Um acordo de R$ 10,3 bilhões

Um acordo de R$ 10,3 bilhões

Ministério Público Federal e grupo J, controlador da JBS, concluem a negociação do termo de leniência com a holding. Pagamento será realizado pelos próximos 25 anos. Palácio do Planalto, no entanto, considera o prazo muito longo

» RODOLFO COSTA » PAULO DE TARSO LYRA
postado em 01/06/2017 00:00
 (foto: Marcelo Ferreira/CB/D.A Press - 21/3/17)
(foto: Marcelo Ferreira/CB/D.A Press - 21/3/17)


O grupo J, um dos dois maiores processadores de carne do mundo, fechou ontem acordo de leniência com o Ministério Público Federal (MPF). A negociação prevê que a holding, de propriedade dos empresários Wesley e Joesley Batista, donos da Friboi, pague R$ 10,3 bilhões em 25 anos. O acordo, no entanto, desagradou ao Palácio do Planalto.

Além das rusgas envolvendo o governo federal e Joesley Batista, delator que gravou o presidente Michel Temer em uma conversa no Palácio do Jaburu em março, o prazo de pagamento do valor no acordo de leniência foi considerado muito brando pela cúpula do governo. ;(O acordo) foi ridículo. Melhor do que um Refis do governo: 25 anos é um prazo superior a seis governos. Quem garante que, nesse período, alguém não aprove uma anistia?;, criticou um interlocutor do presidente.

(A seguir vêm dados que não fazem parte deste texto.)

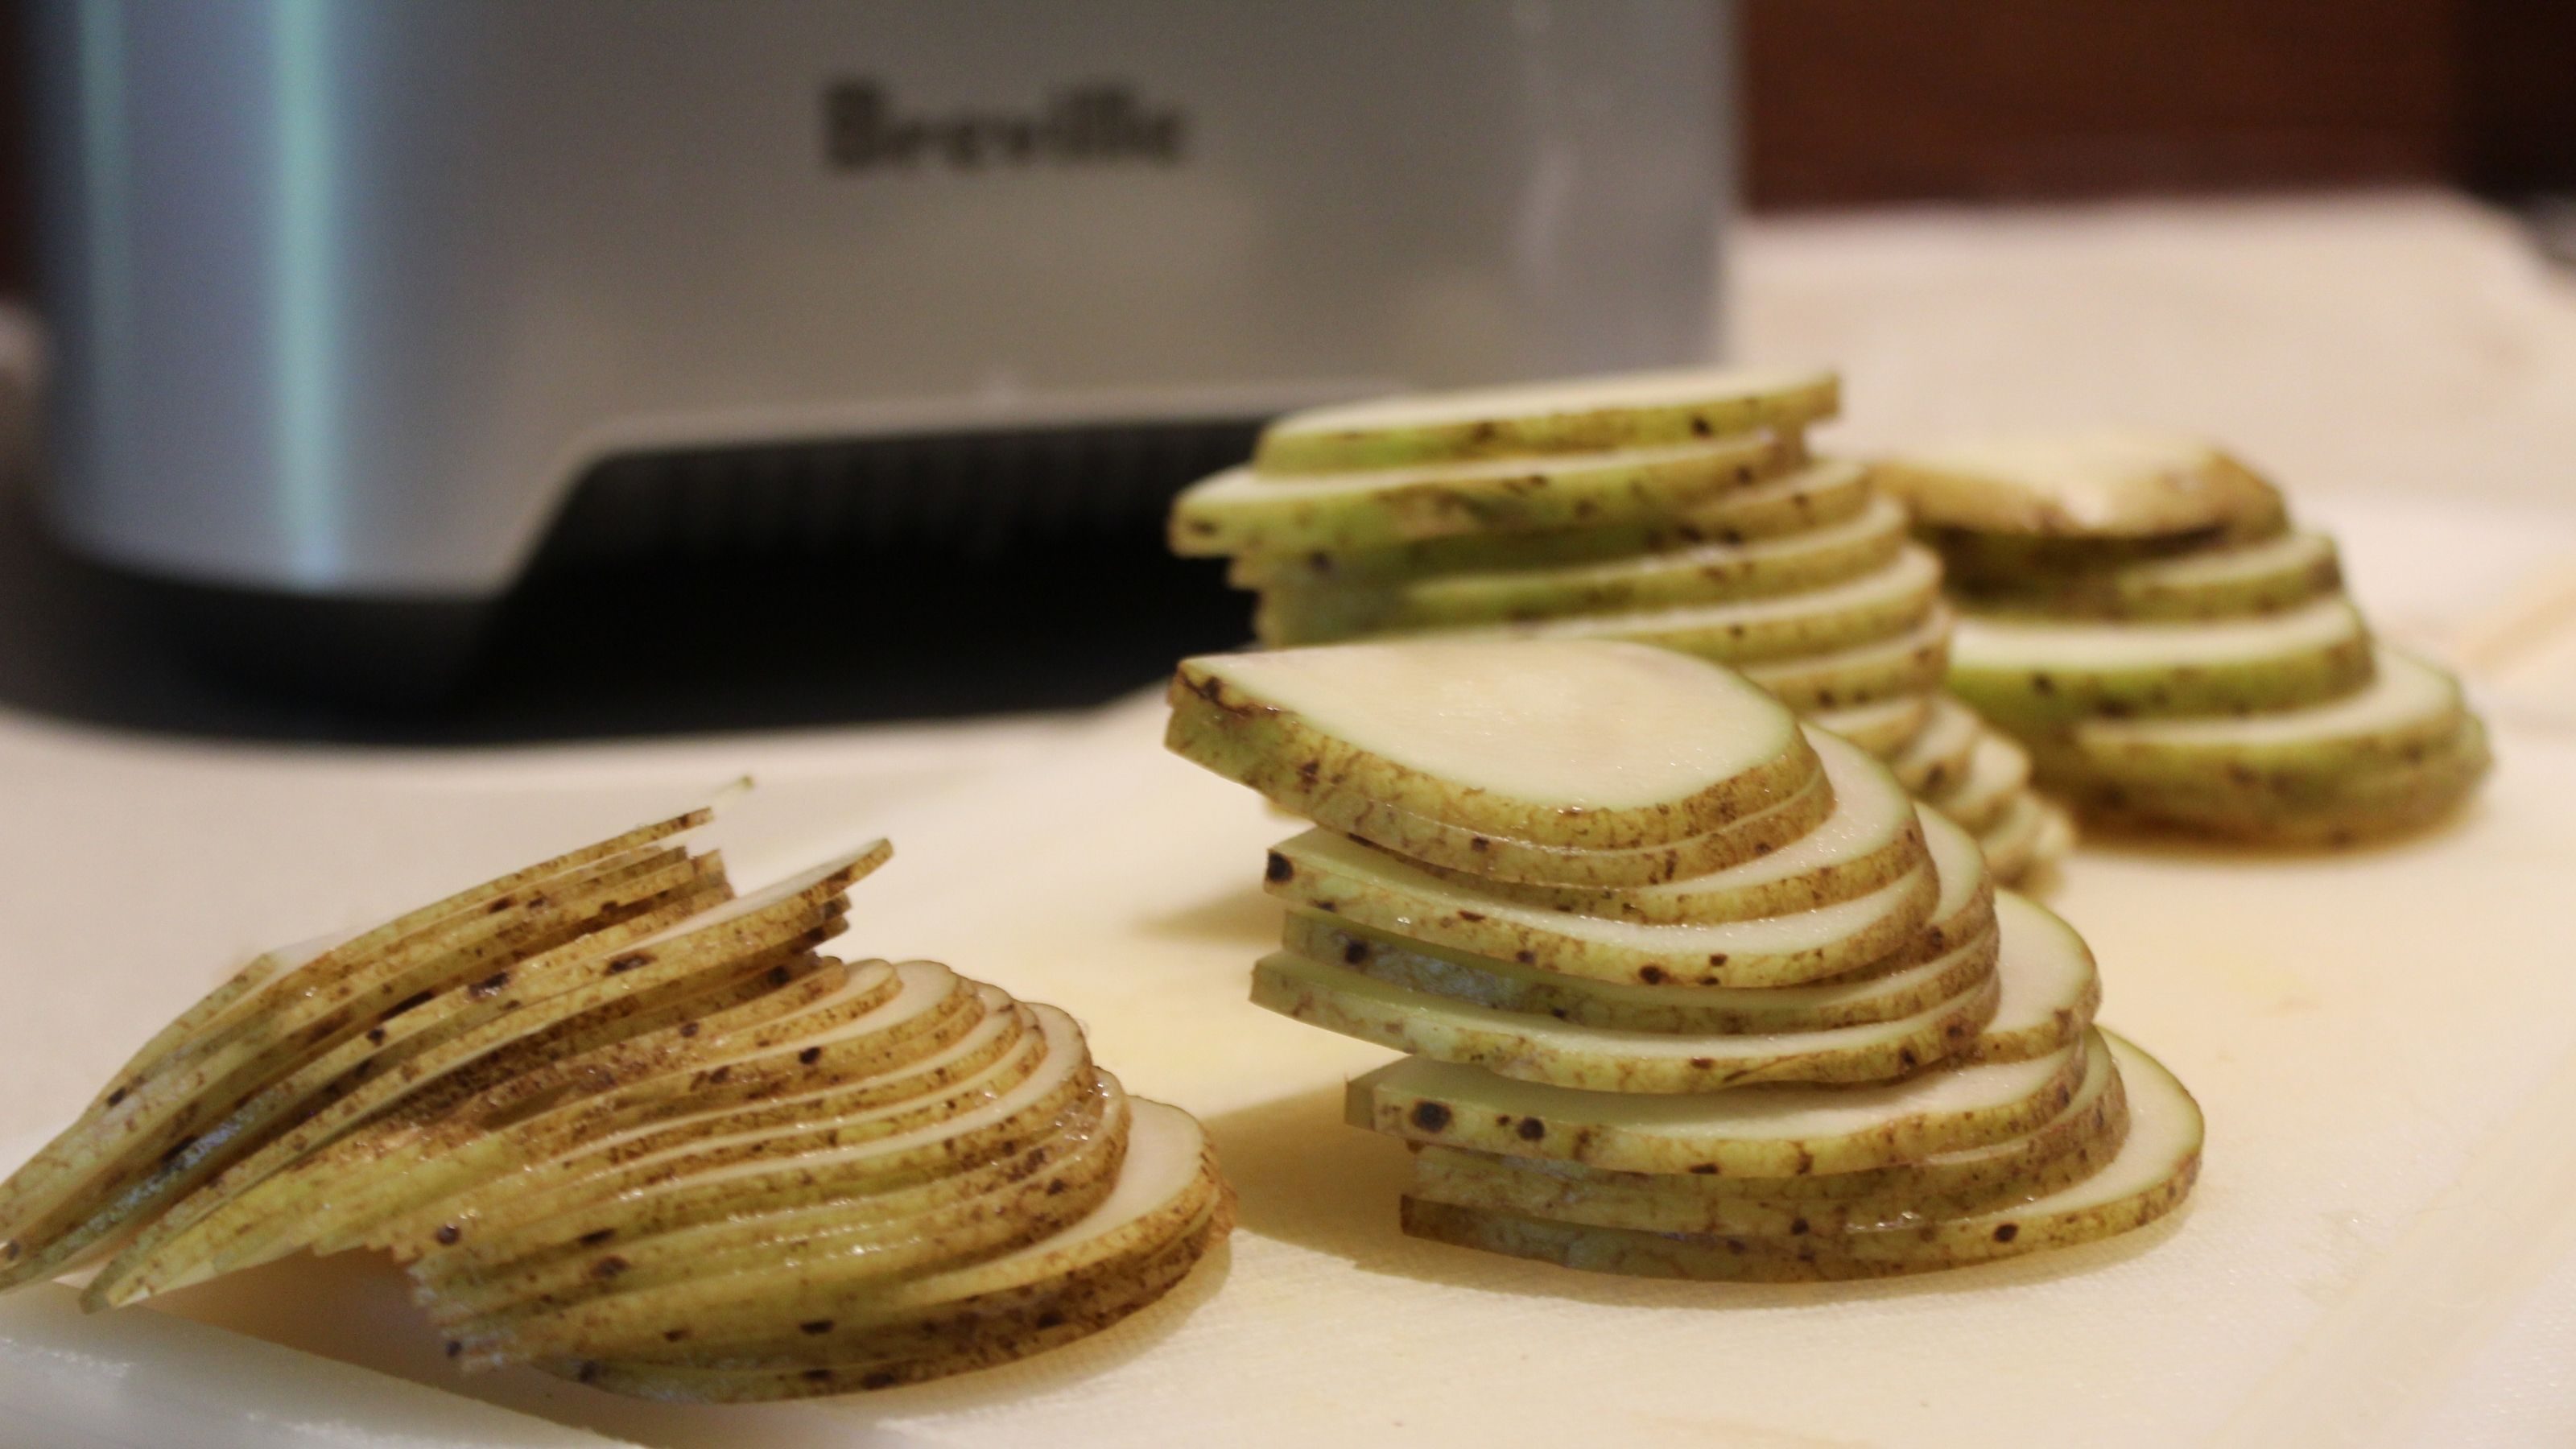 Breville 12-Cup Sous Chef™ Plus Food Processor

As negociações entre a J e o MPF vinham se arrastando. A empresa chegou a oferecer R$ 4 bilhões, mas os procuradores exigiam um valor próximo de R$ 11,2 bilhões, a serem pagos em 10 anos. A proposta equivalia a 5,8% do faturamento obtido pelo grupo em 2016.

Para bater o martelo, o MPF aceitou reduzir significativamente o valor e mais do que dobrar o prazo para pagamento. Após a hecatombe provocada na República, com o aprofundamento da crise política, tal acordo foi criticado por outro interlocutor do presidente. A sensação dele é de que Joesley Batista saiu ganhando em todos os aspectos, uma vez que não será preso e livrou a empresa de punições maiores. ;Ele fez a delação, conseguiu a leniência, e ainda foi de jato para Nova York;, disse.

A leniência é uma espécie de colaboração premiada para as empresas. Assim como na delação, os réus têm a pena reduzida, na leniência as empresas garantem o direito de fornecer bens e serviços para o setor público e ainda conseguem ter sustadas barreiras para a obtenção de crédito junto a bancos e outras instituições financeiras.

Recorde
O acordo fechado entre o J e o MPF é o maior da história mundial. A Odebrecht, por exemplo, se comprometeu a pagar R$ 8 bilhões em 23 anos, com ressarcimentos para o Brasil, a Suíça e os Estados Unidos. O pagamento, segundo comunicado feito pela JBS, está relacionado aos desdobramentos da investigação contra a empresa nas operações Bullish e Carne Fraca.

A Carne Fraca investiga a comercialização de produtos adulterados, enquanto a Bullish apura fraudes e irregularidades em aportes concedidos pelo BNDES. Todo o montante fechado com o MPF será restituído em razão dos atos praticados pelas empresas da holding que estão sob investigação.

Dos R$ 10,3 bilhões, R$ 8 bilhões serão destinados à Fundação dos Economiários Federais (Funcef), o fundo de pensão dos empregados públicos da Caixa Econômica Federal (25%); à Fundação Petrobras de Seguridade Social (Petros), o fundo de pensão dos empregados públicos da Petrobras (25); ao Banco Nacional do Desenvolvimento Econômico e Social (BNDES) (25%); à União (12,5%); ao Fundo de Garantia do Tempo de Serviço (FGTS) (6,25%); e à Caixa (6,25%).

Os R$ 2,3 bilhões restantes serão pagos por meio de projetos sociais, em valores corrigidos pelo Índice Nacional de Preços ao Consumidor Amplo (IPCA). Com a correção, a estimativa é de que o montante possa chegar a R$ 20 bilhões. No Brasil, o Departamento de Estado dos EUA trabalha em conjunto com o MPF para chegar a uma solução única no acordo de leniência. A expectativa é evitar que a empresa seja punida pelos mesmos crimes nos dois países. As negociações aumentam a pressão para o pagamento de pesadas multas.